Sunday, June 27, 2010

The Other Side Of Me

I asked God for a simple life
A life full of surprises amidst difficulties
Would rather struggle than be in a smooth road
Living a difficult life on earth
Means a happier life after death.

Grateful when I am in trouble
Never afraid nor lose hope
This is my chance for a time with Him
Time to talk, time to cry
Time to feel His spirit that engulfs me.

I let God rule my life
Be thankful for all the things, people and events
He brings my way.
To help me choose and decide
What will really make me happy in life.

I am not perfect
Cause I am only human
Yearning for freewill
To feel how it is to love, and be loved
Even get hurt.

I consider hurt
As my cross that will lead me to heaven.
Instead of hatred
I fill my heart only with love
So that I may live a peaceful life.

I Pray for those who belittle me
I Pray for those who judge me
I Pray for those who curse me
And I pray that one day
These people will know the real me.

Those who wish for a simple life
Sometimes wants to be in my world
The world I created for myself
A world no one can understand
Only me and the One who created me.

My Numerology Reading


Well said and read! As if this guy knew me. How nice almost perfectly described WHO I AM and what i have been through. Thank you for the free reading (http://numerologist.com)

Reincarnation yes I believe. I have tried REGRESSION ( knowing my past lives) myself and I found out 3 past lives. I am twice a male and a female... Now again. I know not all people will believe but I do. 

I even experienced ASTRAL PROJECTION (wherein, my spirit get out of my human body). A real "Oh my God! "I  saw my body lying on bed. I was crying and praying. I thought I am dying. "Lord, please my 3 kids still need me." ... and I got back of my senses. In a position exactly as I saw it. Scared but true. I have searched on this and it can really happen.

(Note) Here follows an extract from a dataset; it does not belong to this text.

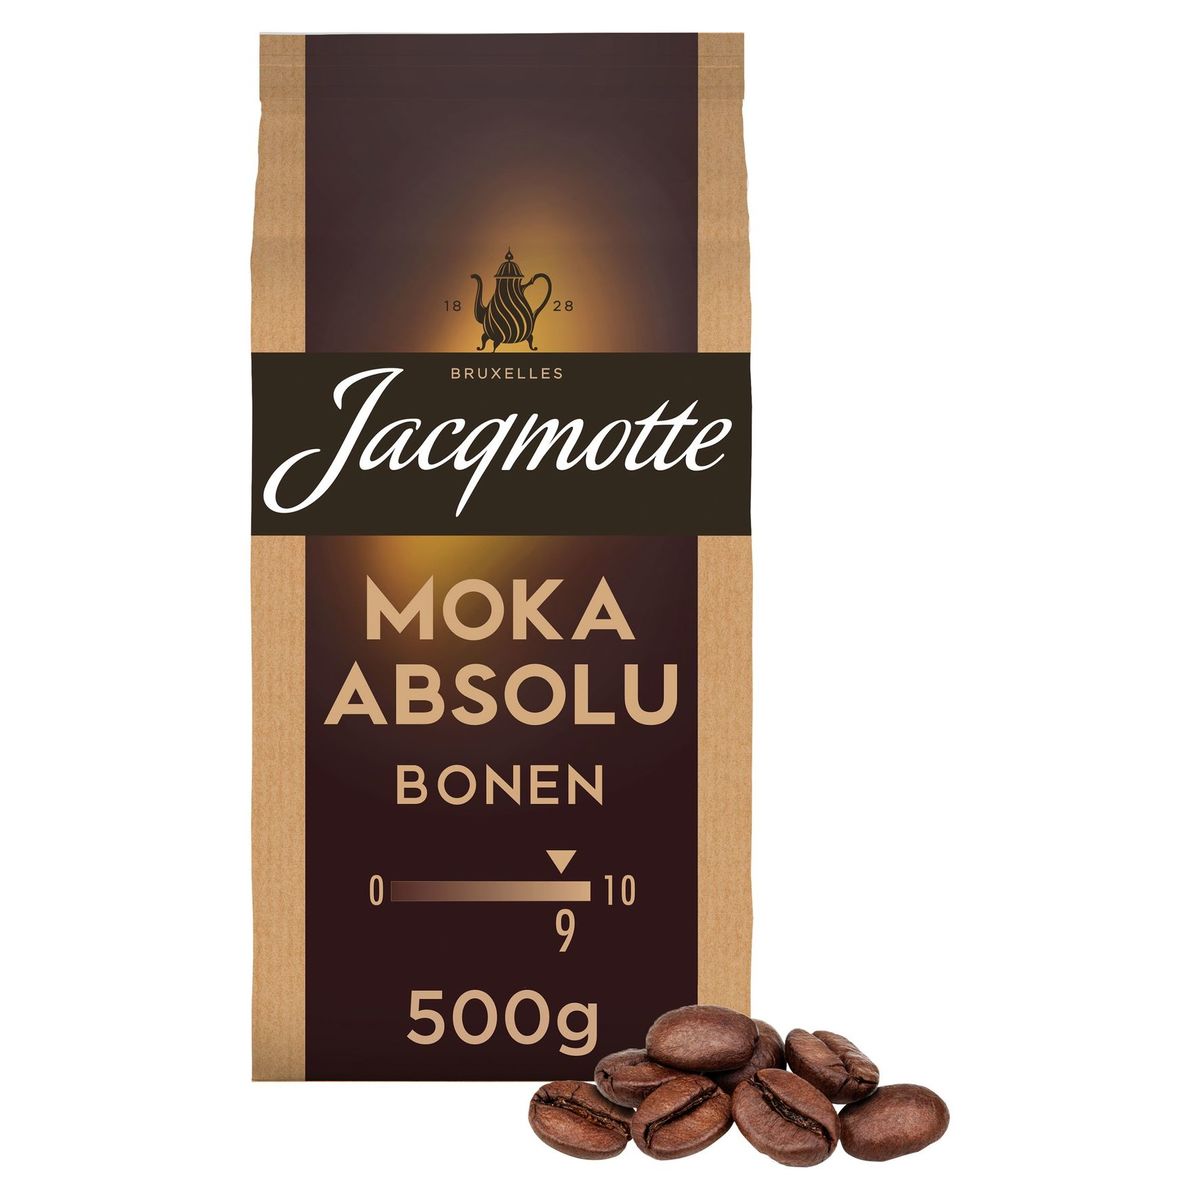 JACQMOTTE Koffie Bonen Moka Absolu 500g

I guess I should make some stories about this some other time.

Saturday, June 26, 2010

Somebody

I love this song which at the corner of my heart sings...



I want somebody to share
Share the rest of my life
Share my innermost thoughts
Know my intimate details
Someone who'll stand by my side
And give me support
And in return
He'll get my support
He will listen to me
When I want to speak
About the world we live in
And life in general
Though my views may be wrong
They may even be perverted
He'll hear me out
And won't easily be converted
To my way of thinking
In fact he'll often disagree
But at the end of it all
He will understand me
And I....

I want somebody who cares
For me passionately
With every thought
With every breath
Someone who'll help me see things
In a different light
All the things I detest
I will almost like
I don't want to be tied
To anyone's strings
I'm carefully trying to steer clear of
Those things
But when I'm asleep
I want somebody
Who will put their arms around me
And kiss me tenderly
Though things like this
Make me sick
In a case like this
I'll get away with it
And in a place like this
I'll get away with it
And I....
I want somebody

The Mirror of My Soul


An eyes seem so teary
That speak the inner side of me.
The mirror of my soul.
Why still flaunts with sadness.
That no amount of laughter can conceal?

Though I find serenity after a long years of agony
 What is there that is missing?
What am I in search for?
Still a long journey to travel...
More challenges to face?
Love more and till it hurts no more?
Or just a need to get out of the shell and be myself?
Face the world and explore to unleash the other side
To complete the true meaning of ME!
For my eyes harmonize with this smile. 



Friday, June 25, 2010

Why A Blog?


Why a late question wherein fact i already have several posts? Still in search of serenity? Funny, but its true. I was supposed to create this blog when I am already starting my new endeavor away from my precious rewards (my wonderful kids who keeps me alive and kicking to fight for my existence).  A variety of feelings I, myself can not explain that causes confusion as to how to make a good start. So much in mind that I can not even organize my thoughts. Life is a display of emotional instability.

I keep my blog site available for me when I feel like writing. I am not a good writer, I know! especially I have to do this in different language that I am not normally using. Such a "nosebleed" as they say, but I should try to help myself. I even asked my Twinnie (my half-sister whom I love so much) to edit my blogs (Life) cause I may sound so confusing to readers who do not know what I was trying to convey.

I am searching  blogs to read yet unable to find a good one that will inspire me. Lately I did and so much joy reading them.  Though I don't want this to be publicized. I have no confidence to do so.  Should I say I hate to be criticized then lose interest in blogging when I get hurt? Too ashamed for people to see too much grammatical errors? Or because I do not want people to know who I am and what I really feel?

So this blog is merely an expression of uncontainable feelings,&thoughts of sadness, happiness, depression, anxiety anger so forth & so on... for a great relief.
Writing what you feel is a good mechanism to feel better - go and write!